IWF Options Trading — Covered Calls, Puts & the Wheel

A complete guide to selling options on iShares Russell 1000 Growth ETF. Expected premiums, strike selection, real example trades, and the four strategies that actually work for IWF.

ETFLarge-capModerate IVGood liquidityPays dividendETF

Why trade options on IWF?

IWF (iShares Russell 1000 Growth ETF) is one of the most heavily traded ETFs for options strategies. Tight spreads and good open interest across strikes make it ideal for premium sellers. Because IWF is a basket rather than a single name, single-stock earnings risk is diffused, which is a meaningful edge for consistent income.

Typical monthly premium collected on IWF runs around 1.0-2.0% of capital, which annualizes to roughly 12-24% if you sell new contracts every cycle. Capital required to run a single contract wheel on IWF is $20,000+ — the share price and the 100-share lot size set the minimum, not the strategy.

Four strategies that work on IWF

IWF options FAQ

What is the best strike price for a IWF covered call?

On IWF, target 5-8% out of the money at 0.20-0.30 delta. On a moderate-volatility stock like this, closer-to-the-money strikes chase premium but spike assignment probability to uncomfortable levels.

How much premium can I collect selling calls on IWF?

Typical monthly premium on IWF is 1.0-2.0% of position value, annualizing to 12-24% when you roll every cycle. Earnings months can pay 2-3x the normal rate because of elevated IV.

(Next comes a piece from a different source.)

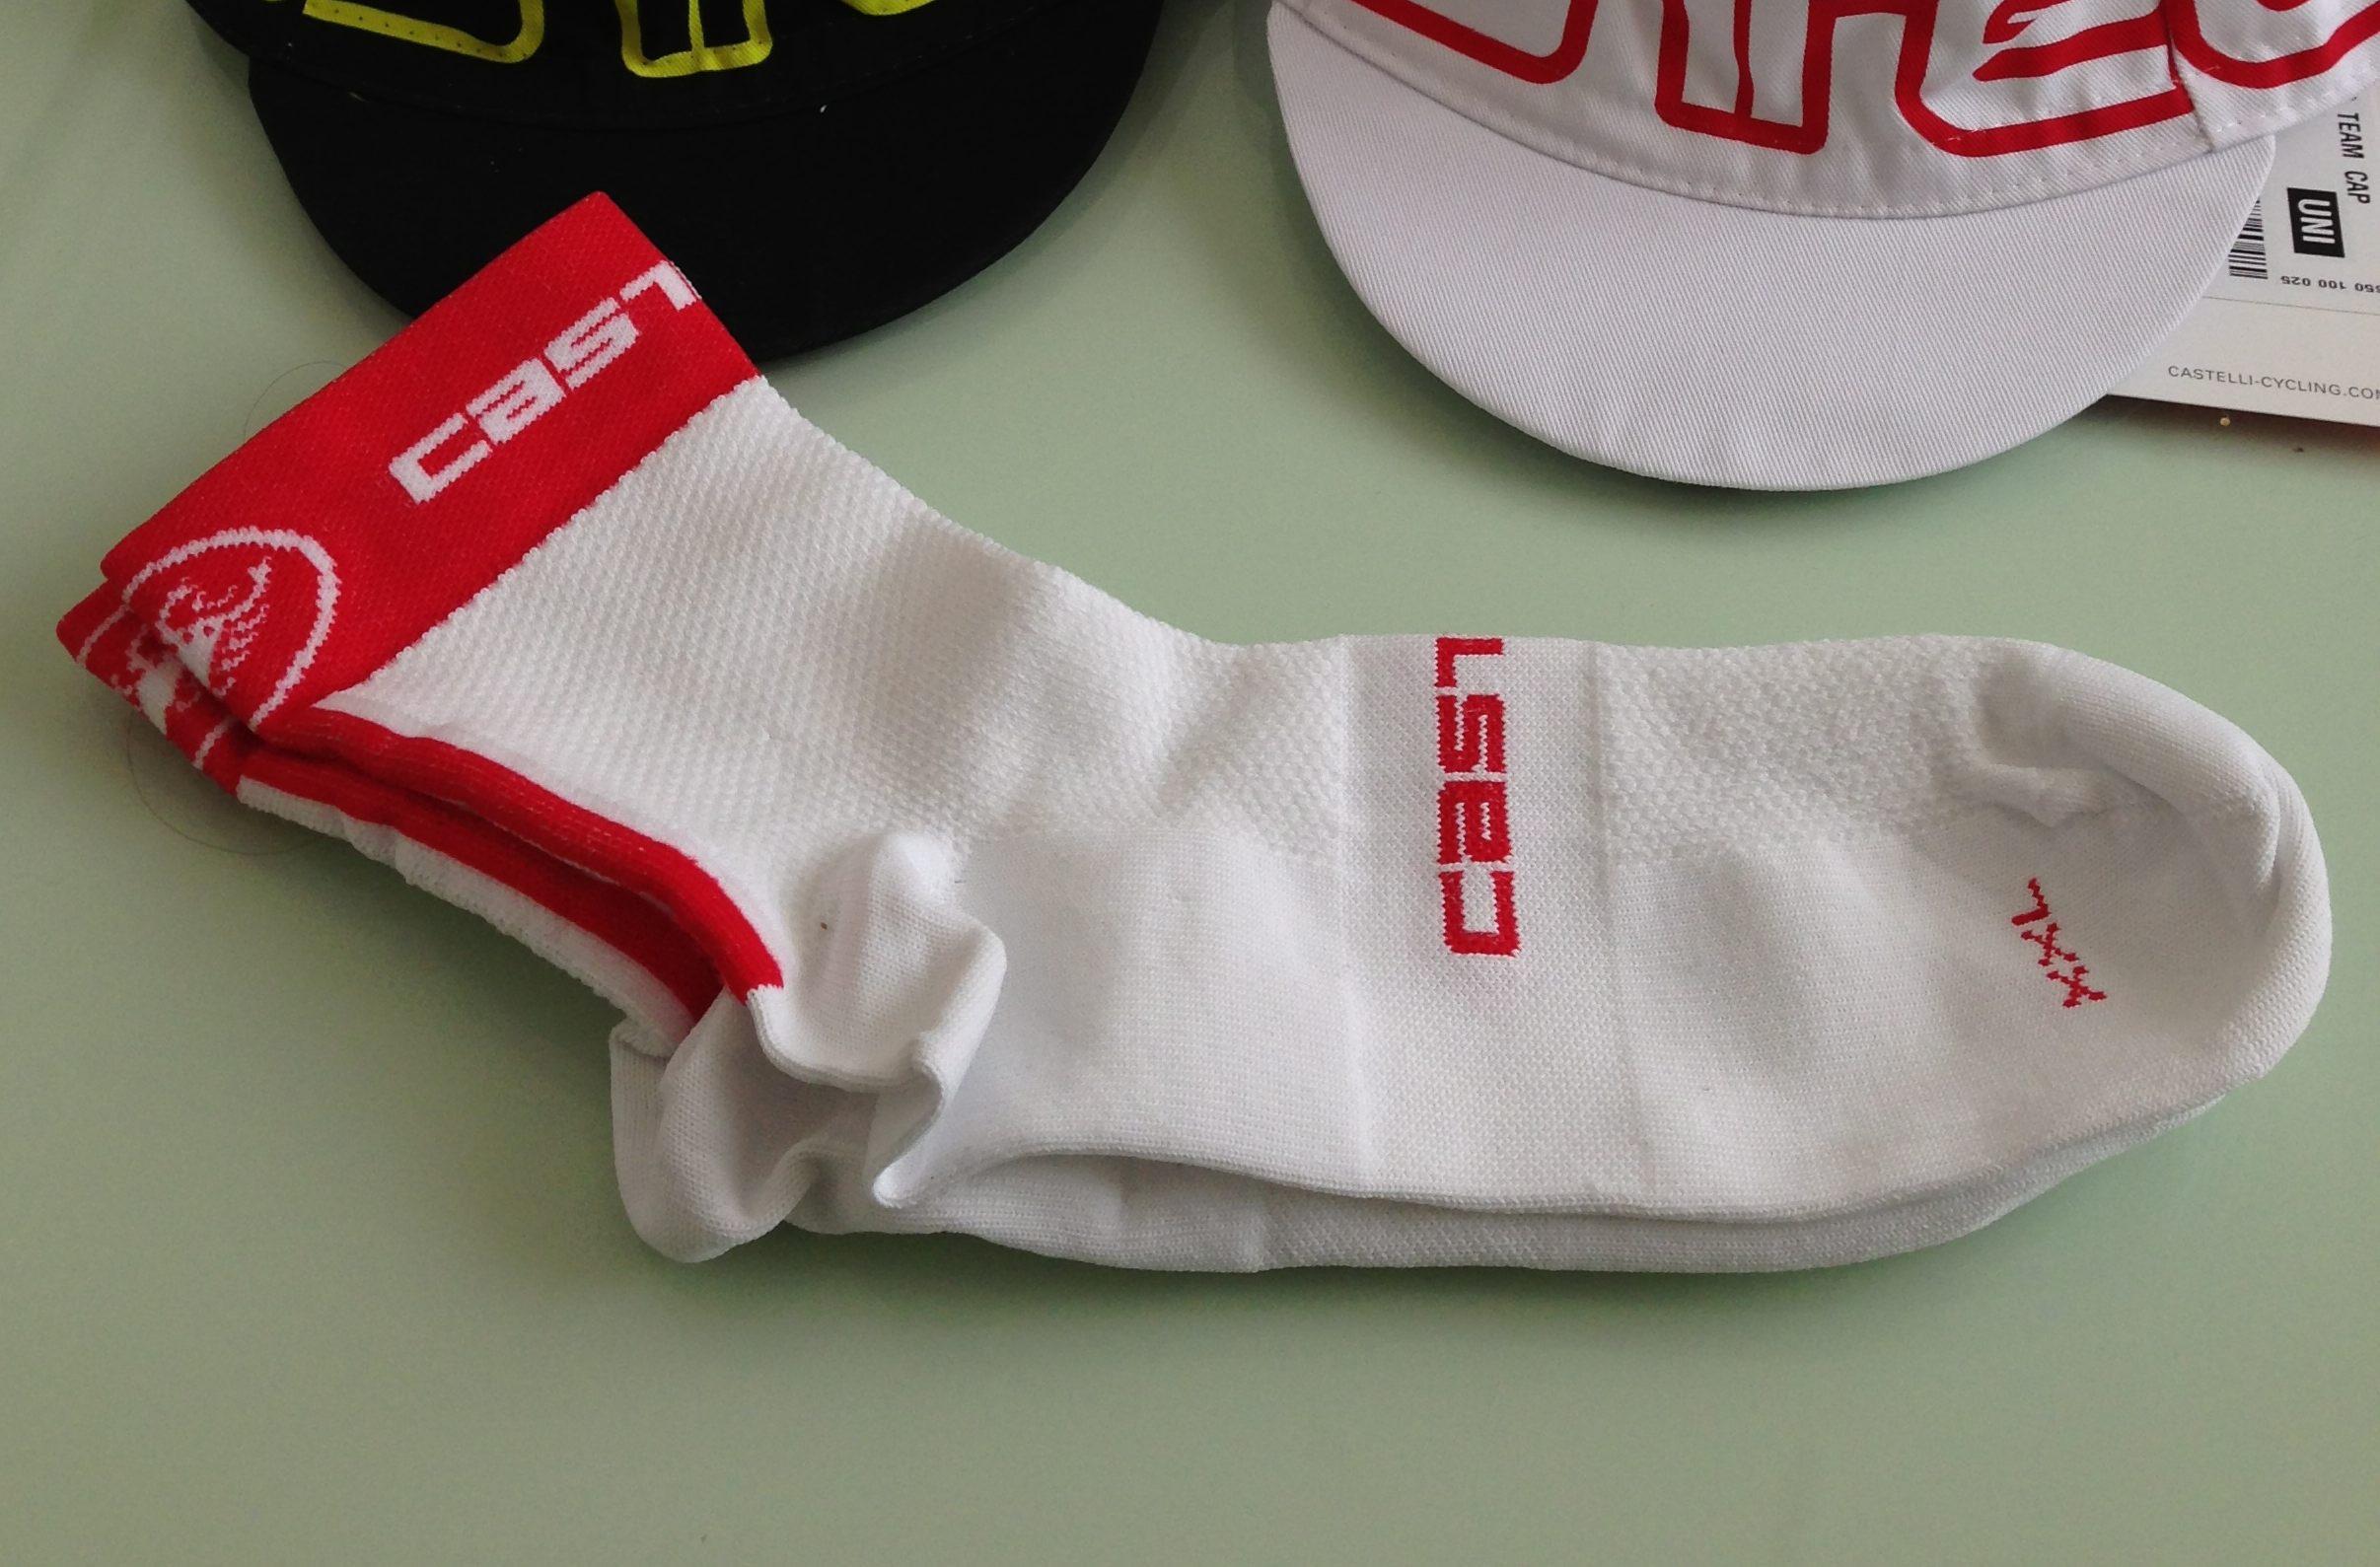 Calcetines Castelli mod. Free & Rosso Corsa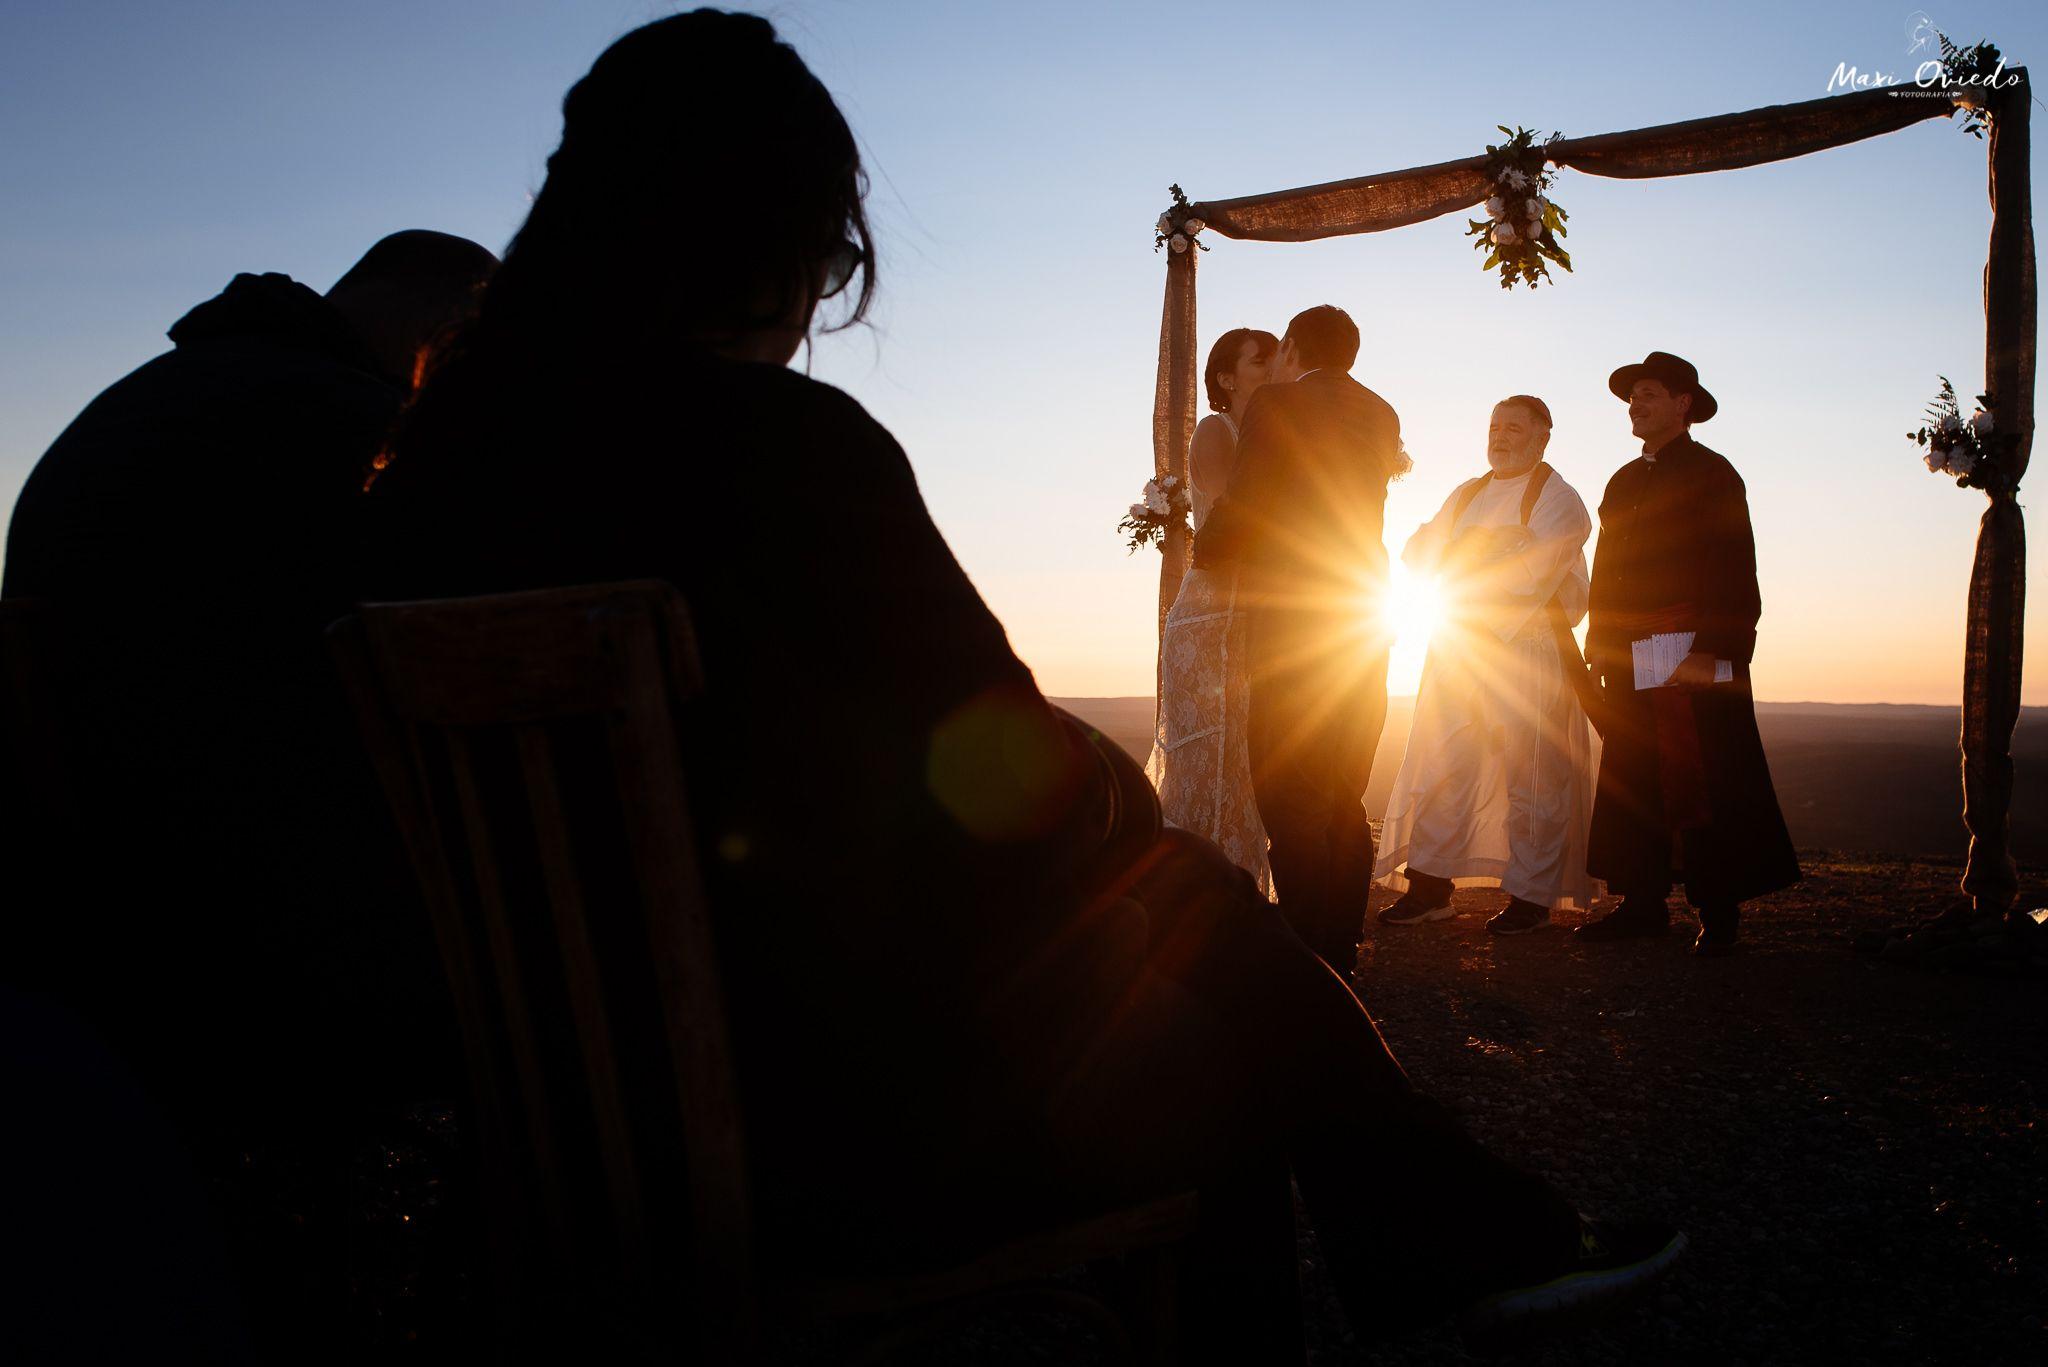 boda sextuple la cumbre cordoba cuchi corral fotografo de bodas fotografo de casamientos rosario san nicolas argentina vestido de novia ramo de novia-37.jpg

What is the best delta for a IWF cash-secured put?

A delta of 0.20-0.30 on IWF balances premium income with assignment probability. Many traders anchor to 0.20 delta as a starting point and adjust based on their willingness to own shares.

How much cash do I need to sell a put on IWF?

Cash required is 100 × strike price. For IWF, that's roughly $20,000+ per contract at a typical strike. Most brokers let you use margin, but for a true cash-secured put you set aside the full amount.

Is IWF a good stock for the wheel strategy?

IWF is solid for the wheel because of its reasonable spreads and moderate IV (good premium/risk balance). It also pays a dividend, which you continue collecting while holding the shares between wheel legs.

Can you run a poor man's covered call on IWF?

Yes. Buy a 0.80+ delta LEAPS on IWF dated 12-18 months out as your synthetic long, then sell short-dated calls 5-8% above the stock at 0.20-0.30 delta. Capital tied up drops from $20,000+ to roughly 30-50% of that — a meaningful improvement when the share price is an elevated share price.

What expiration should I use for IWF options strategy trades?

Use 30-45 DTE as a default for IWF. This is the classic theta sweet spot and works well on a stable ticker like this.

Is IWF suitable for beginners selling options?

Yes — it's a well-known, liquid name with established options markets, which is what beginners need. Always check the bid/ask spread before entering — anything wider than 5% of the mid price is a warning sign.

Run the numbers on IWF yourself

Use the free OptionsPilot calculator to price covered calls and cash-secured puts on IWF with live quotes.